CRISP BAKED CHICKEN WITH CHERRY TOMATOES AND POLENTA
- Cooking Time: 30-40 minutes
- Servings: 4-6
- Preparation Time: 5 minutes
- 1 recipe polenta (below) or 2 x 500g packs ready to use polenta + 4 tablespoons grated parmesan cheese
- 4 skin on boneless chicken breasts, cut in half if large
- 500g cherry tomatoes
- few sprigs fresh rosemary
- 2 cloves garlic, sliced
- 4 tablespoons olive oil
- Salt and freshly ground pepper
- Salad of seasonal leaves to serve
- 1 litre (1 quart)water
- 3/4 cup /240g (8 1/2 oz) coarse corn meal
- 1 teaspoon salt
- 4 tablespoons grated parmesan cheese
- 15g (1/2 oz) butter
For the chicken:
1. Preheat the oven to 220ºC (425ºF/Gas Mark 7).
2. Make the polenta or crumble the ready-made polenta into chunks and put evenly into the bottom of a roasting dish. (If using the ready-made, sprinkle with the parmesan.)
3. Place the chicken breasts skin side up on top of the polenta, scatter with the cherry tomatoes then sprinkle with the rosemary and garlic, drizzle with the olive oil and season with salt and pepper.
4. Bake in the centre of the oven for 25-30 minutes until the chicken skin is crisp and golden and the polenta is starting to turn brown around the edges.
5. Remove from the oven and serve on warmed plates with a salad of seasonal leaves.
For the polenta:
1. Bring the water to the boil in a medium saucepan.
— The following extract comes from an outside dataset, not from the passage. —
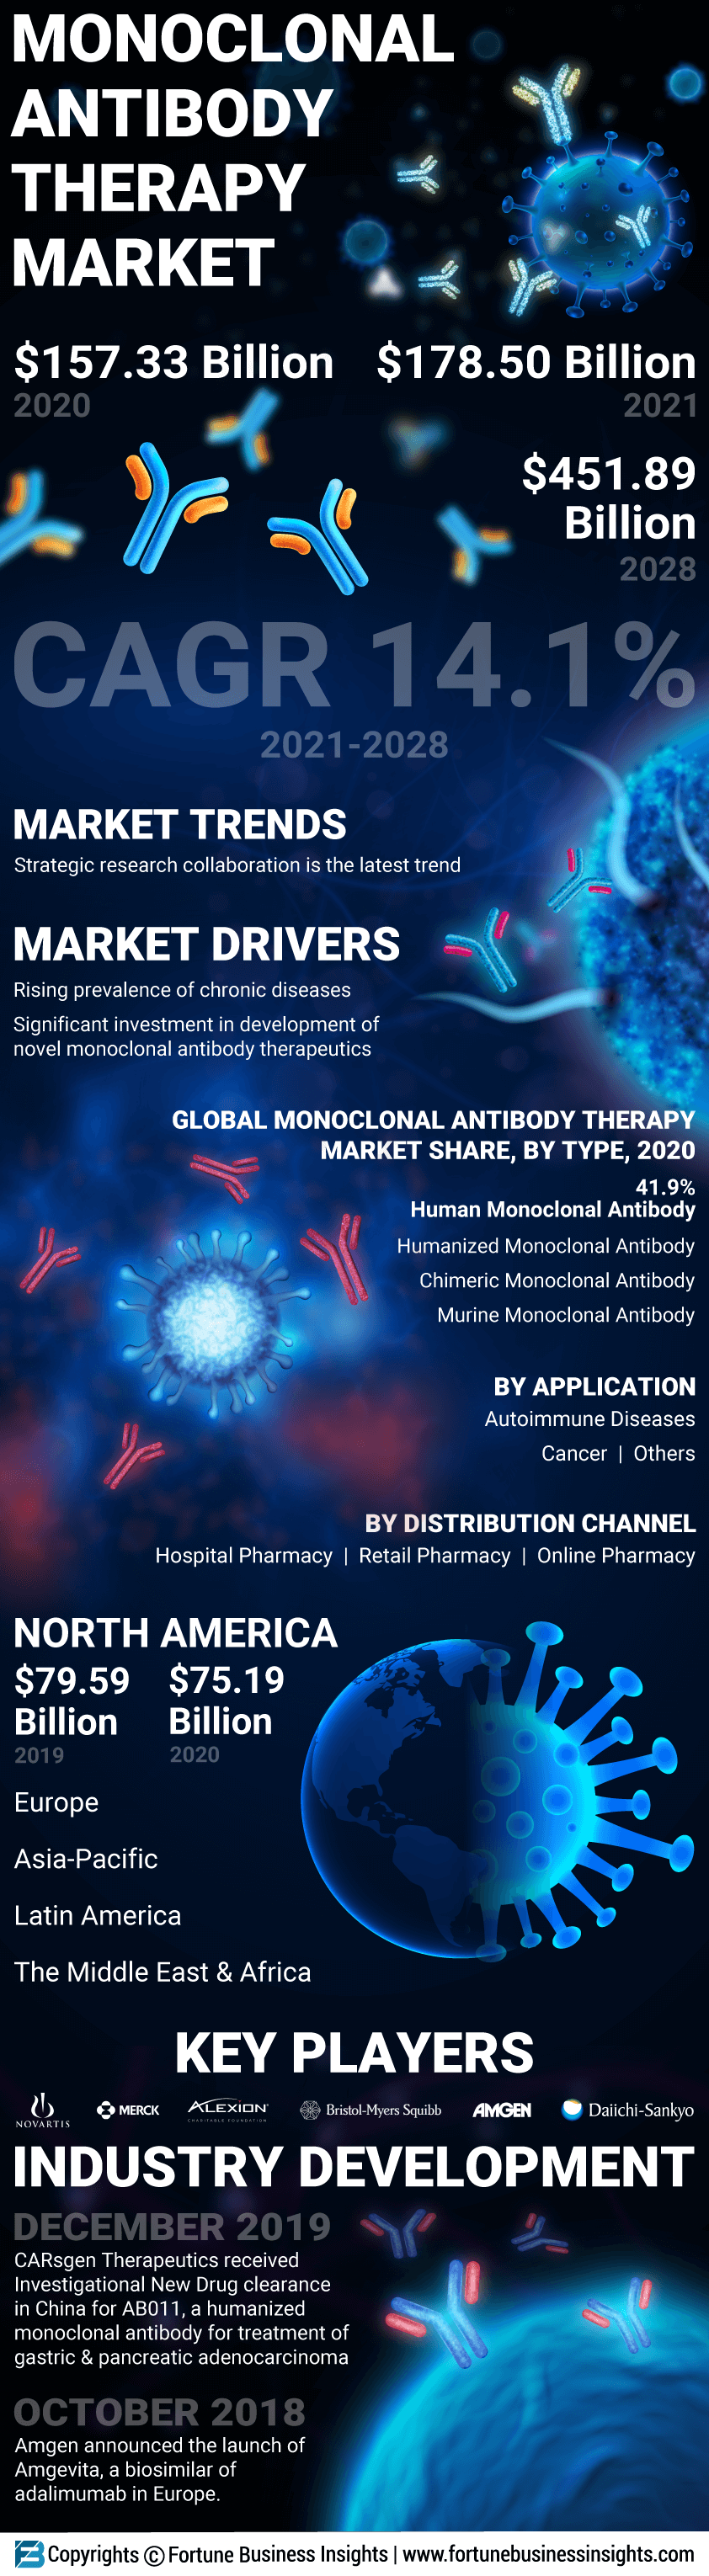 Monoclonal Antibody Therapy Market

Once boiling, pour the maize meal into the pan in a slow steady stream, while constantly whisking with a wire whisk to prevent lumps forming.
2. Reduce the heat and cook the polenta, stirring occasionally with a wooden spoon, for 10 minutes.
3. Remove the polenta from the heat and mix in the parmesan and butter. Proceed as above.